> [Task directions] For this exercise, write out the full listing that follows exactly and skip its pictures.

> [Collected data]

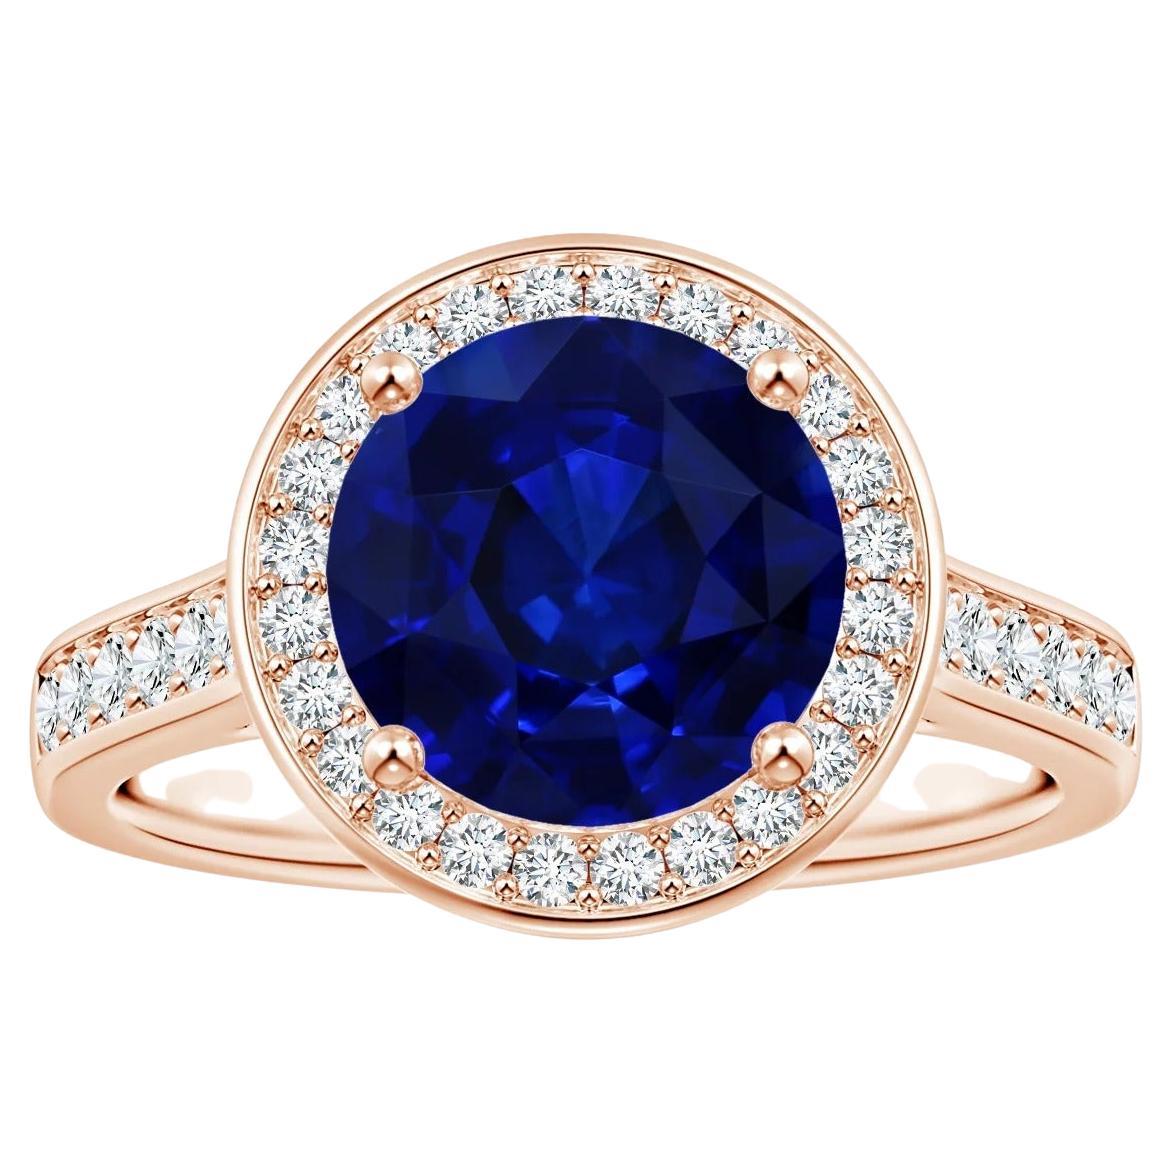 For Sale:  Angara Gia Certified Blue Sapphire Halo Ring in Rose Gold with Diamonds
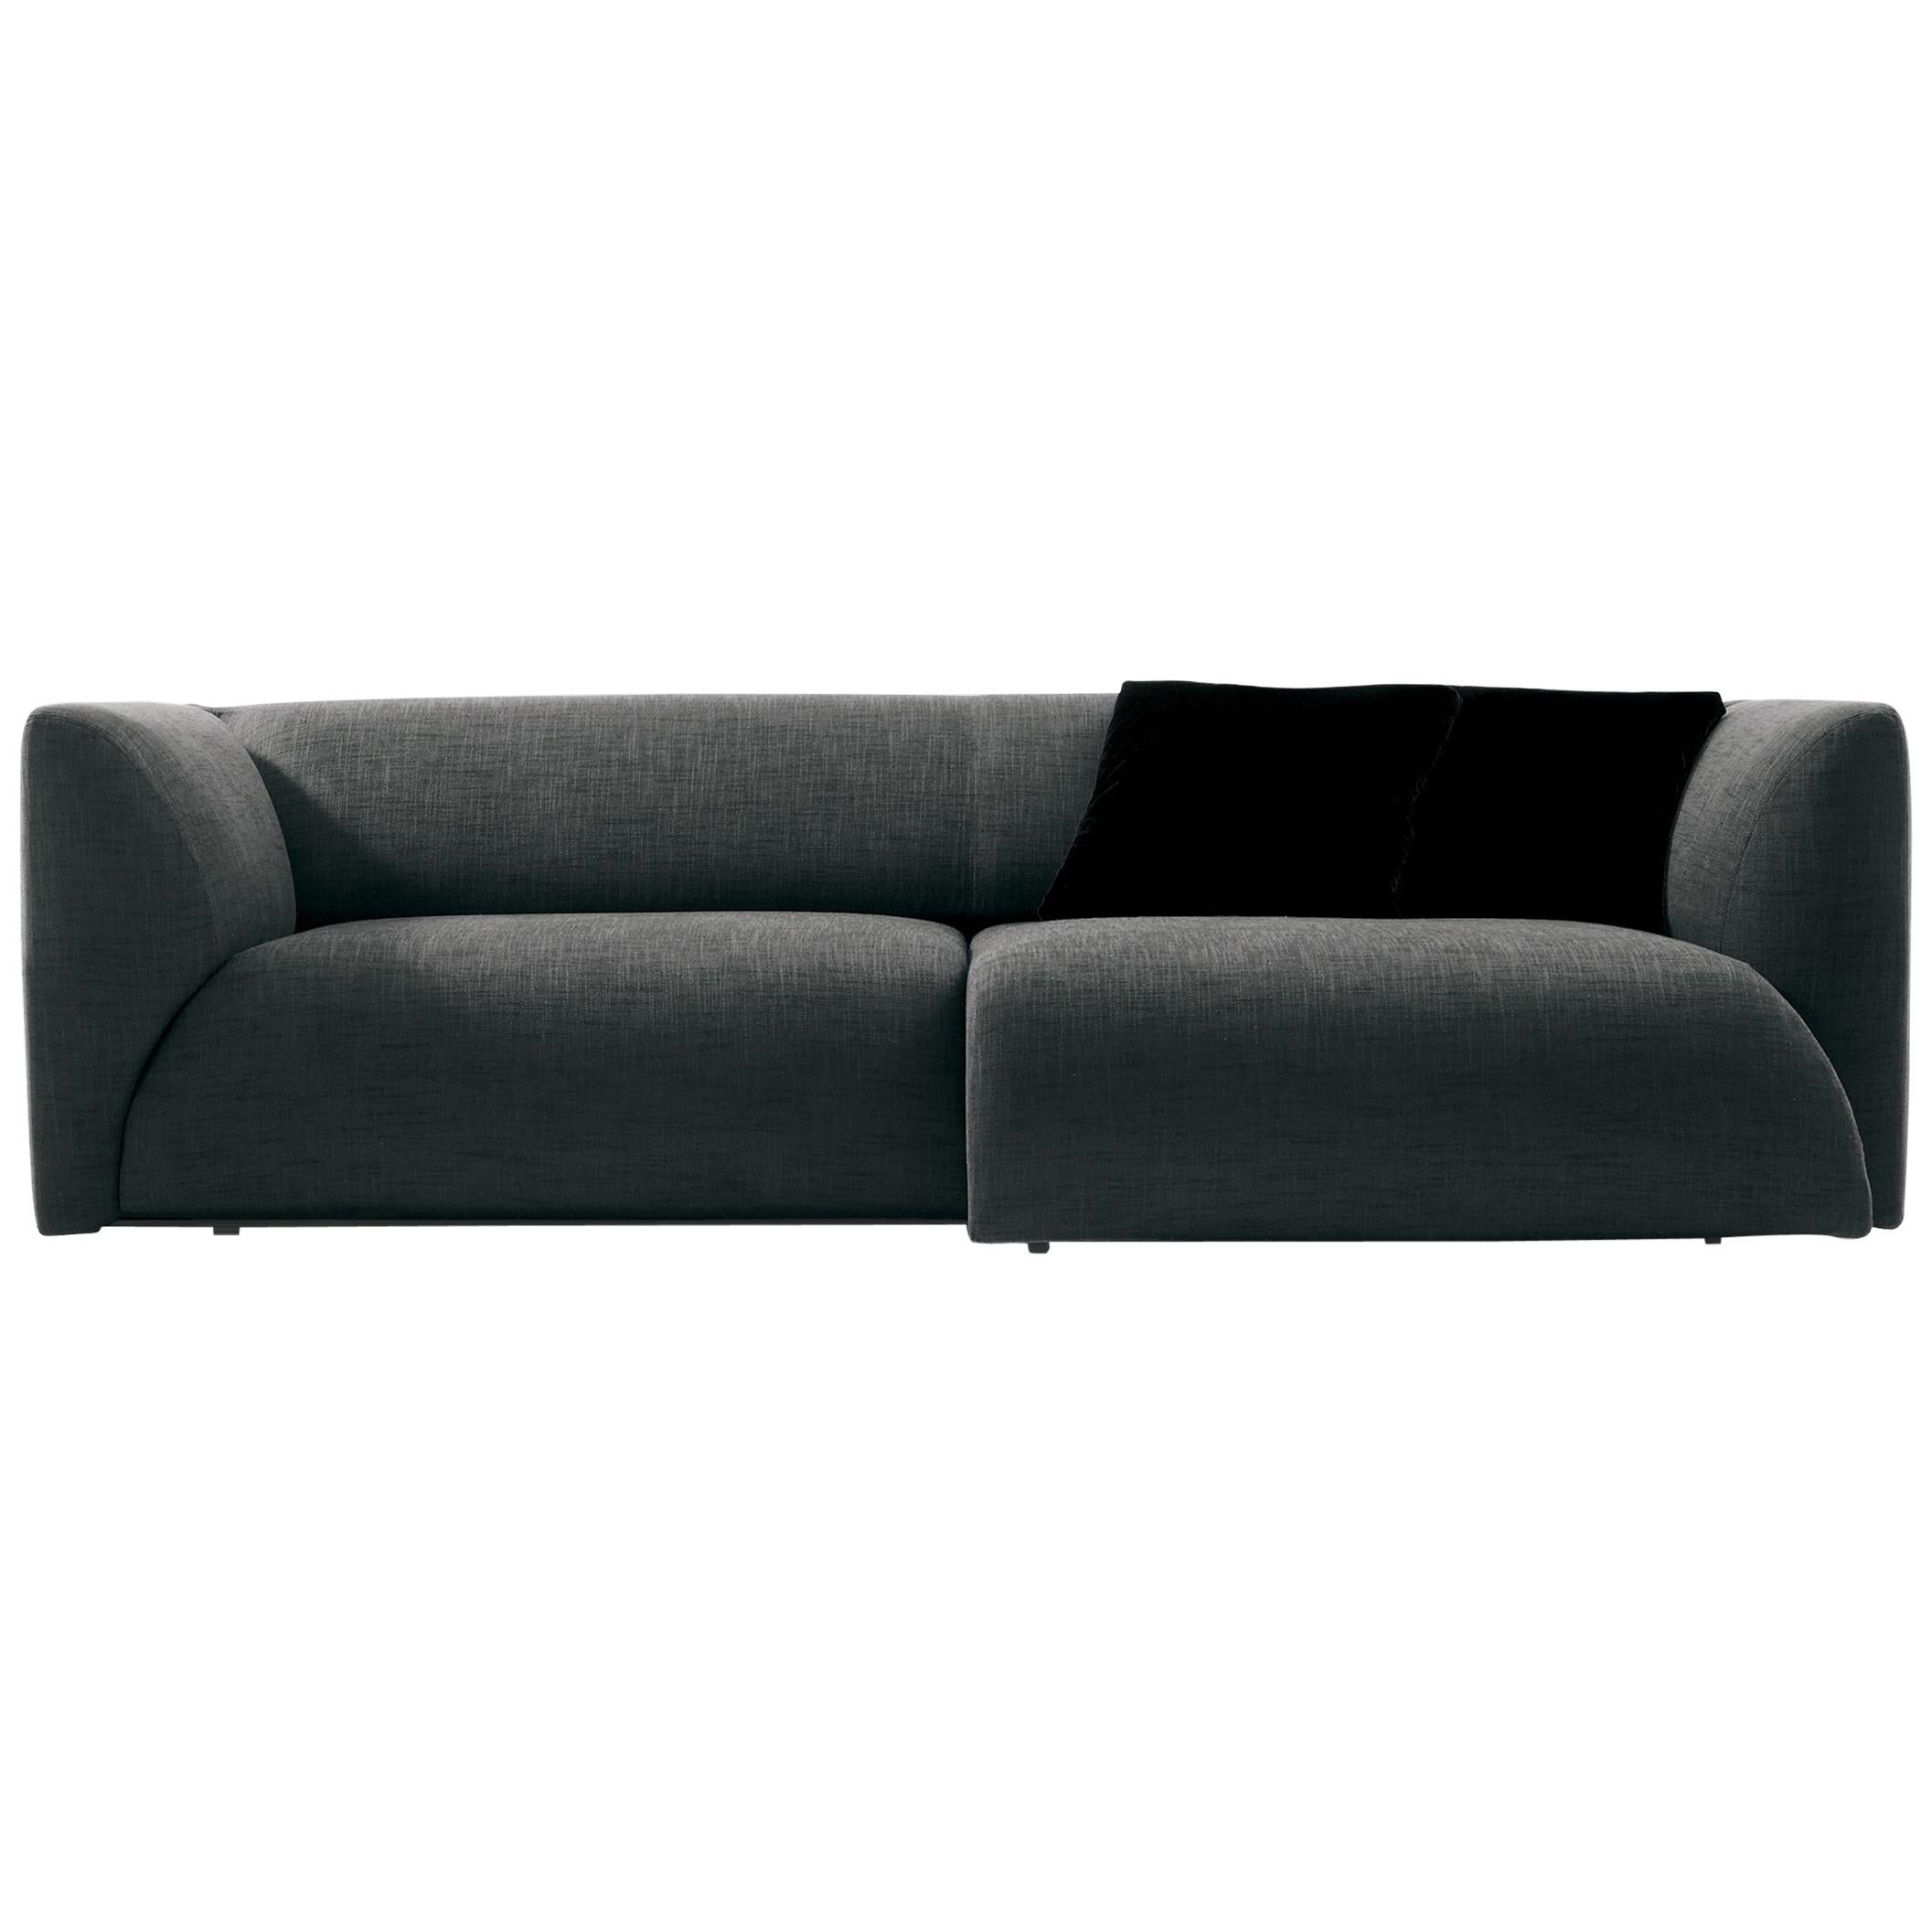 Nube Italia Sophie Sofa in Charcoal Grey Upholstery by Mario Ferrarini For Sale
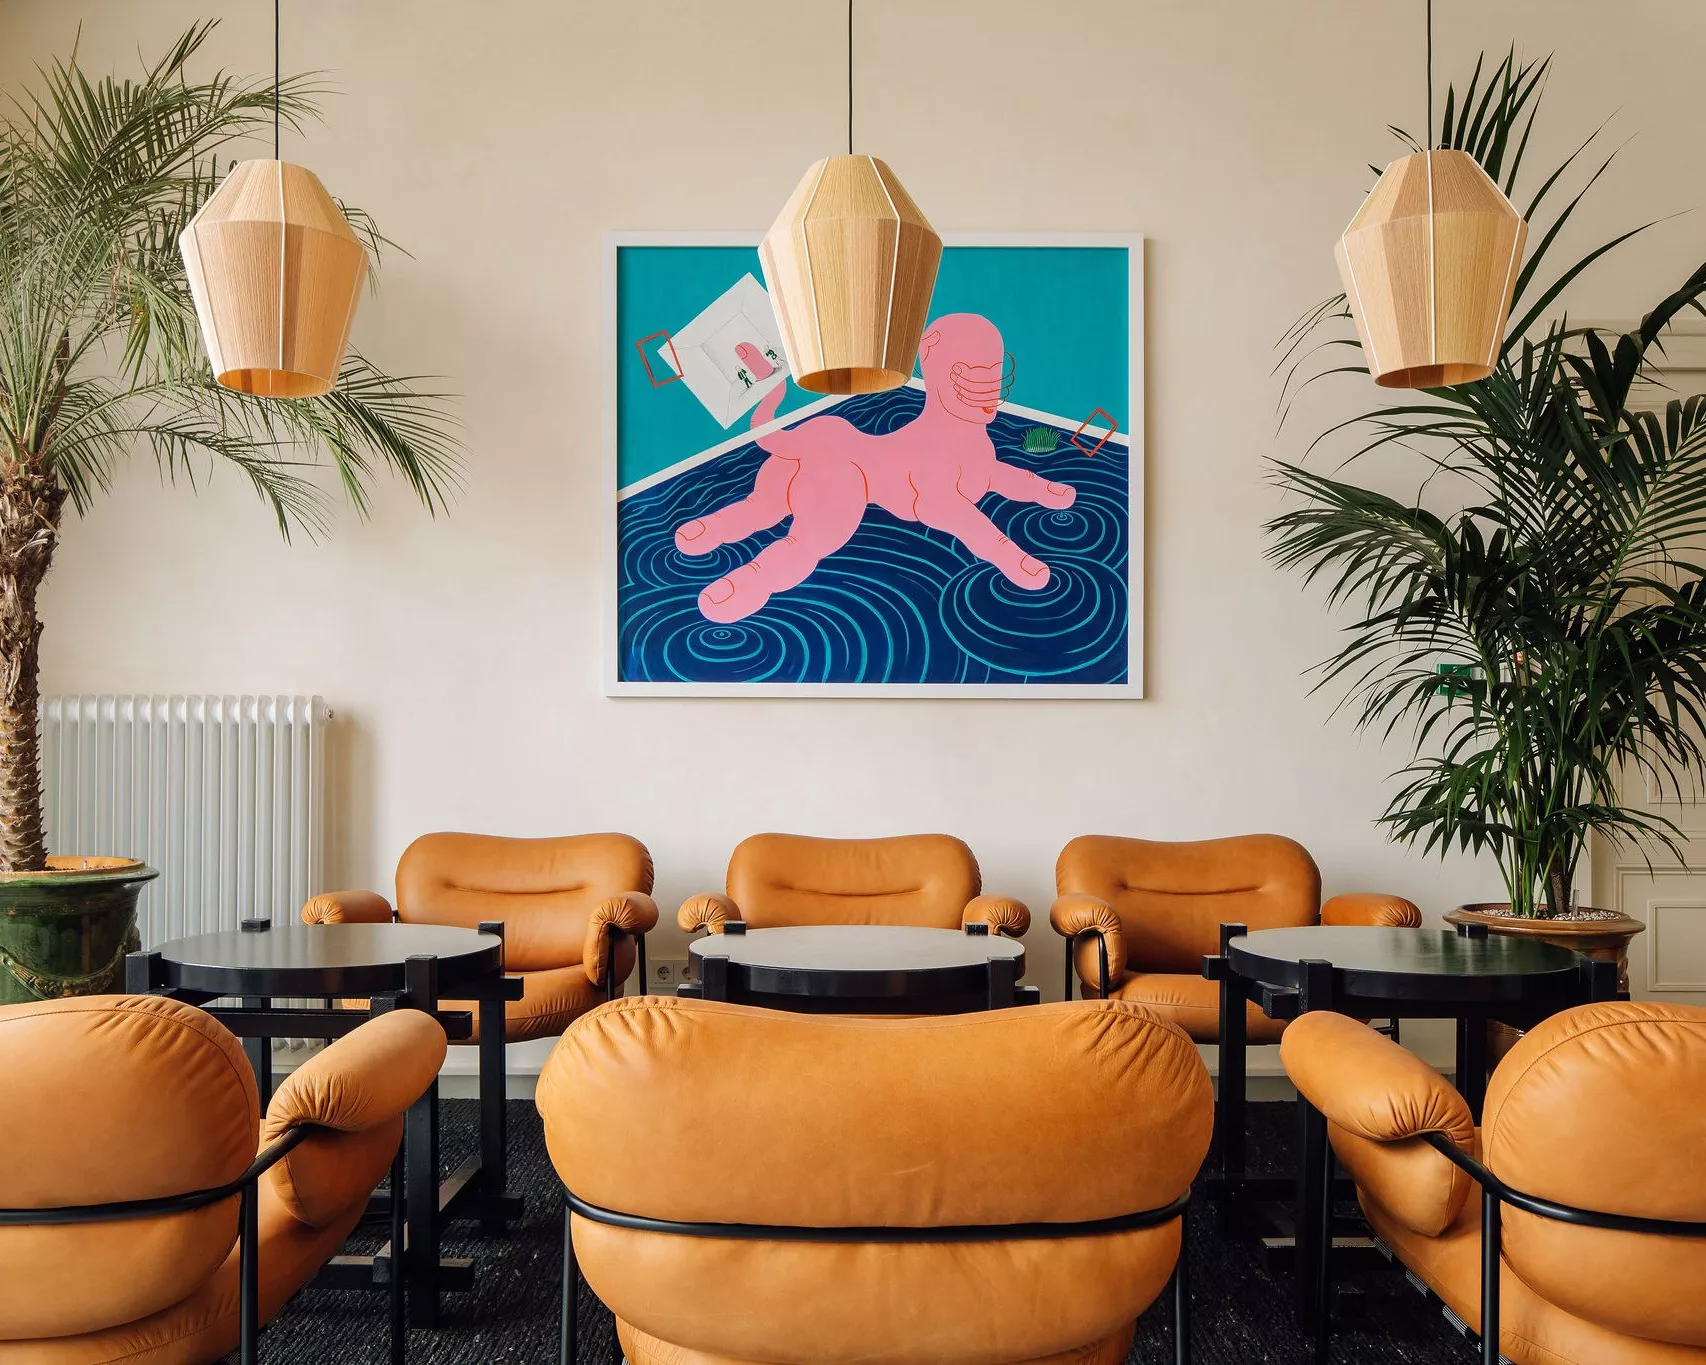 The best co-working spaces in Amsterdam for remote working | Orange arm chairs with black tables with a pink and blue painting on the wall.

> [Answer to this problem]
 For Sale:  Angara Gia Certified Blue Sapphire Halo Ring in Rose Gold with Diamonds
 Nube Italia Sophie Sofa in Charcoal Grey Upholstery by Mario Ferrarini For Sale
 The best co-working spaces in Amsterdam for remote working | Orange arm chairs with black tables with a pink and blue painting on the wall.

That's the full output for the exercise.